Merge pull request #453 from scikit-learn-contrib/452-coverage-validity

thibaultcordier · web-flow · commit 4733b0bb6bfe · 2024-06-07T16:04:55.000+02:00
FIX bug #452: Quantile Correction
diff --git a/HISTORY.rst b/HISTORY.rst
@@ -2,9 +2,10 @@
 History
 =======
 
-0.8.3 (2024-**-**)
+0.8.4 (2024-**-**)
 ------------------
 
+* Fix the quantile formula to ensure valid coverage for any number of calibration data in `ConformityScore`.
 * Fix conda versionning.
 * Reduce precision for test in `MapieCalibrator`.
 * Fix invalid certificate when downloading data.

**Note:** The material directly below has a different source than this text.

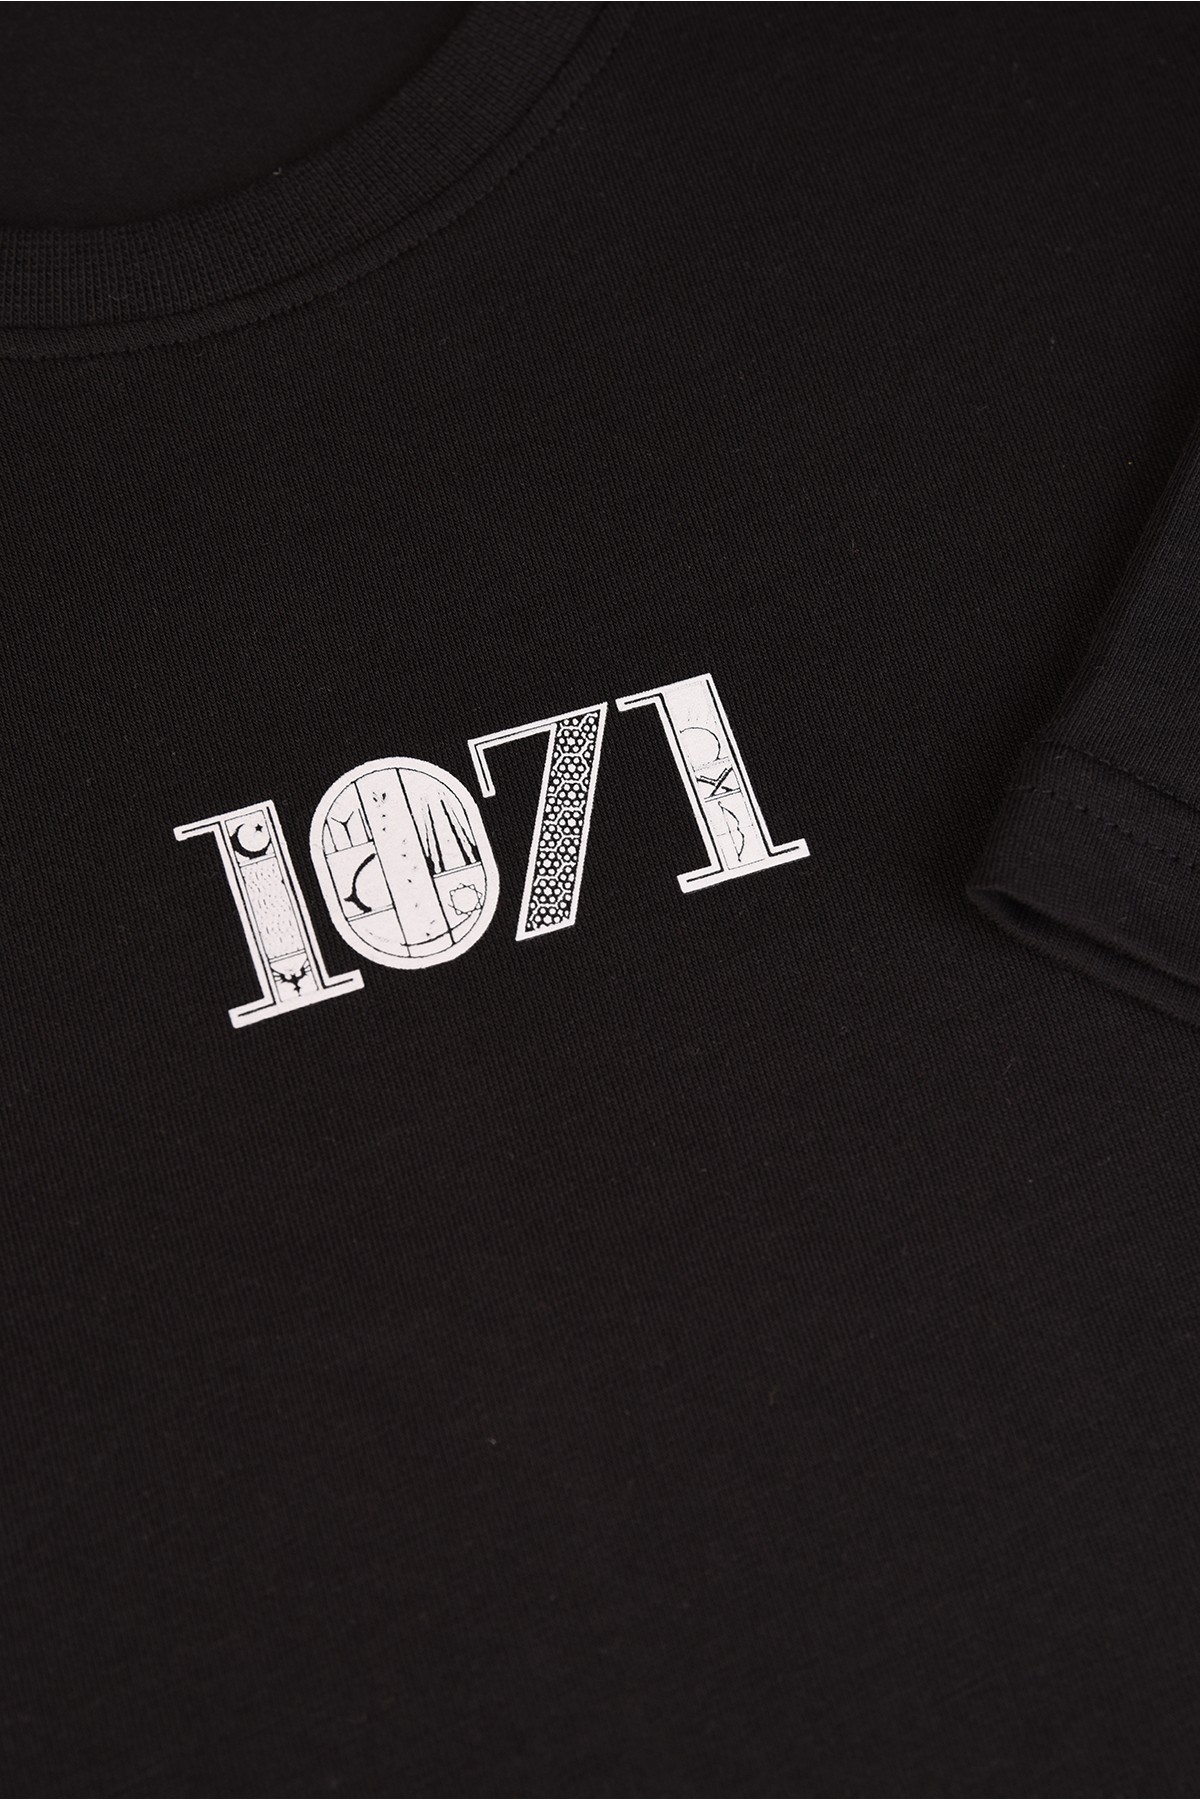 Yeni Sezon 1071 Tasarım Pamuk Bisiklet Yaka Siyah T-shirt 23'

diff --git a/mapie/conformity_scores/conformity_scores.py b/mapie/conformity_scores/conformity_scores.py
@@ -214,7 +214,7 @@ def get_quantile(
         conformity_scores: NDArray,
         alpha_np: NDArray,
         axis: int,
-        method: str
+        reversed: bool = False
     ) -> NDArray:
         """
         Compute the alpha quantile of the conformity scores or the conformity
@@ -235,25 +235,32 @@ def get_quantile(
         axis: int
             The axis from which to compute the quantile.
 
-        method: str
-            ``"higher"`` or ``"lower"`` the method to compute the quantile.
+        reversed: bool
+            Boolean specifying whether we take the upper or lower quantile,
+            if False, the alpha quantile, otherwise the (1-alpha) quantile.
 
         Returns
         -------
         NDArray of shape (1, n_alpha) or (n_samples, n_alpha)

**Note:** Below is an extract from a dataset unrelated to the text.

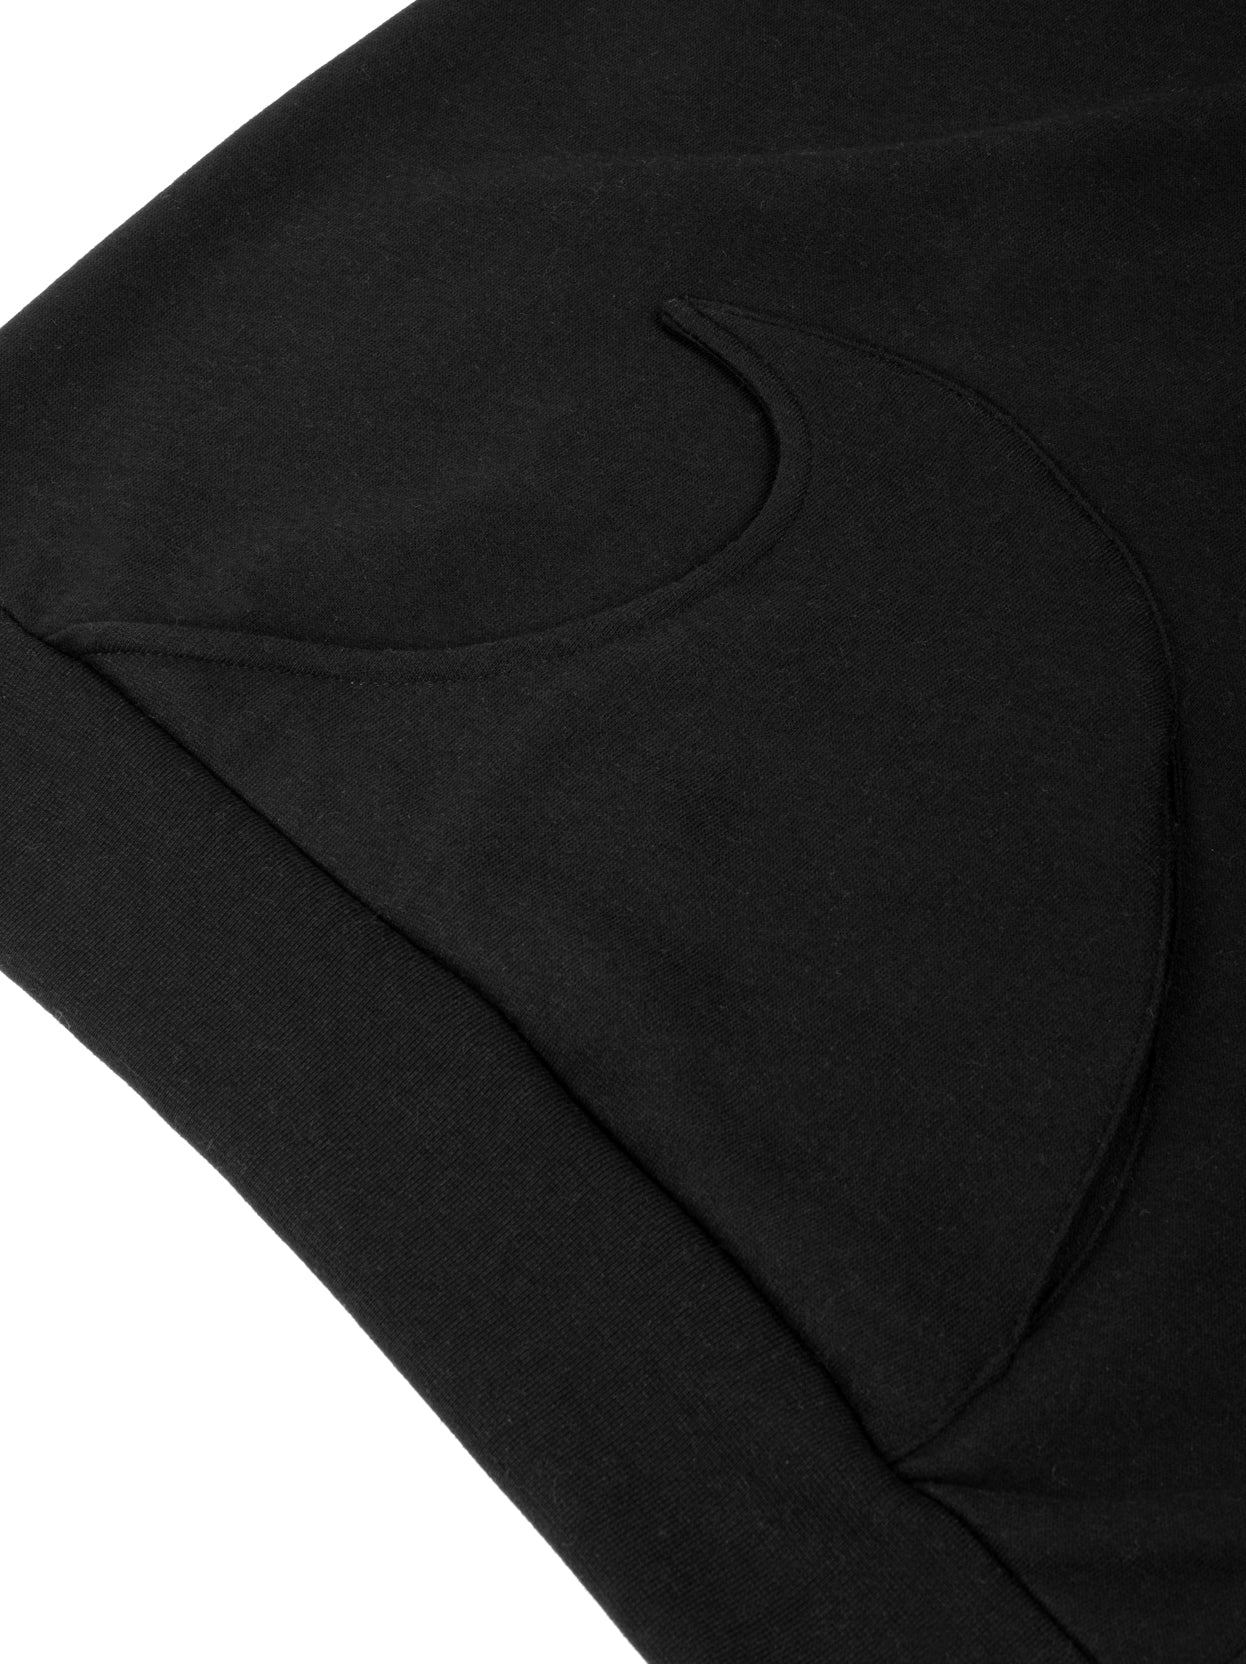 Black wave hoodie pocket

             The quantile of the conformity scores.
         """
-        n_ref = conformity_scores.shape[-1]
-        quantile = np.column_stack([
+        n_ref = conformity_scores.shape[1-axis]
+        n_calib = np.min(np.sum(~np.isnan(conformity_scores), axis=axis))

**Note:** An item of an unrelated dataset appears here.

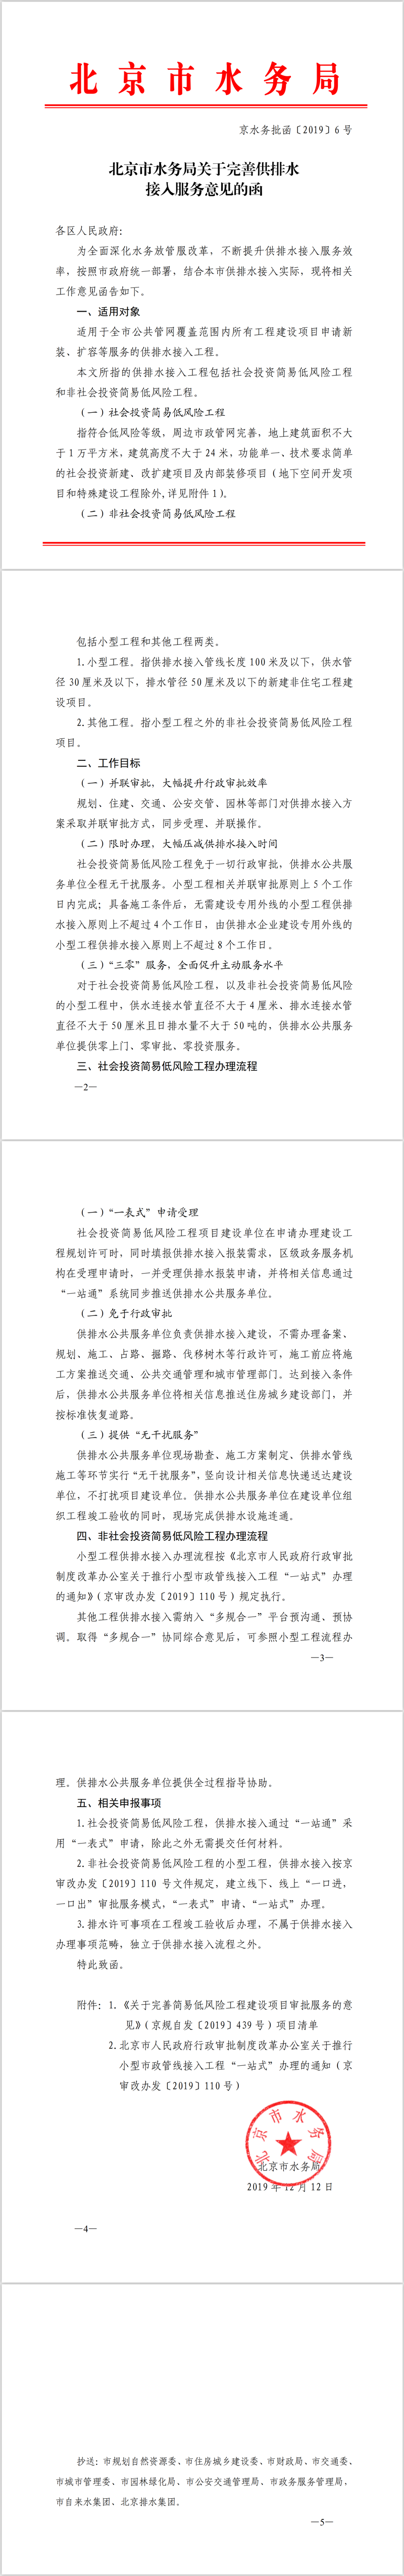 北京市水务局关于完善供排水接入服务意见的函

+        signed = 1-2*reversed
+
+        # Adapt alpha w.r.t upper/lower : alpha vs. 1-alpha
+        alpha_ref = (1-2*alpha_np)*reversed + alpha_np
+
+        # Adjust alpha w.r.t quantile correction
+        alpha_ref = np.ceil(alpha_ref*(n_calib+1))/n_calib
+
+        # Compute the target quantiles
+        quantile = signed * np.column_stack([
             np_nanquantile(
-                conformity_scores.astype(float),
-                _alpha,
-                axis=axis,
-                method=method
+                signed * conformity_scores, _alpha, axis=axis, method="lower"
             ) if 0 < _alpha < 1
-            else np.inf * np.ones(n_ref) if method == "higher"
-            else - np.inf * np.ones(n_ref)
-            for _alpha in alpha_np
+            else np.inf * np.ones(n_ref)
+            for _alpha in alpha_ref
         ])
         return quantile
 
@@ -281,7 +288,7 @@ def _beta_optimize(
         -------
         NDArray
             Array of betas minimizing the differences
-            ``(1-alpa+beta)-quantile - beta-quantile``.
+            ``(1-alpha+beta)-quantile - beta-quantile``.
         """
         beta_np = np.full(
             shape=(len(lower_bounds), len(alpha_np)),
@@ -405,26 +412,34 @@ def get_bounds(
                 X, y_pred_up, conformity_scores
             )
             bound_low = self.get_quantile(
-                conformity_scores_low, alpha_low, axis=1, method="lower"
+                conformity_scores_low, alpha_low, axis=1, reversed=True
             )
             bound_up = self.get_quantile(
-                conformity_scores_up, alpha_up, axis=1, method="higher"
+                conformity_scores_up, alpha_up, axis=1
             )
+
         else:
-            quantile_search = "higher" if self.sym else "lower"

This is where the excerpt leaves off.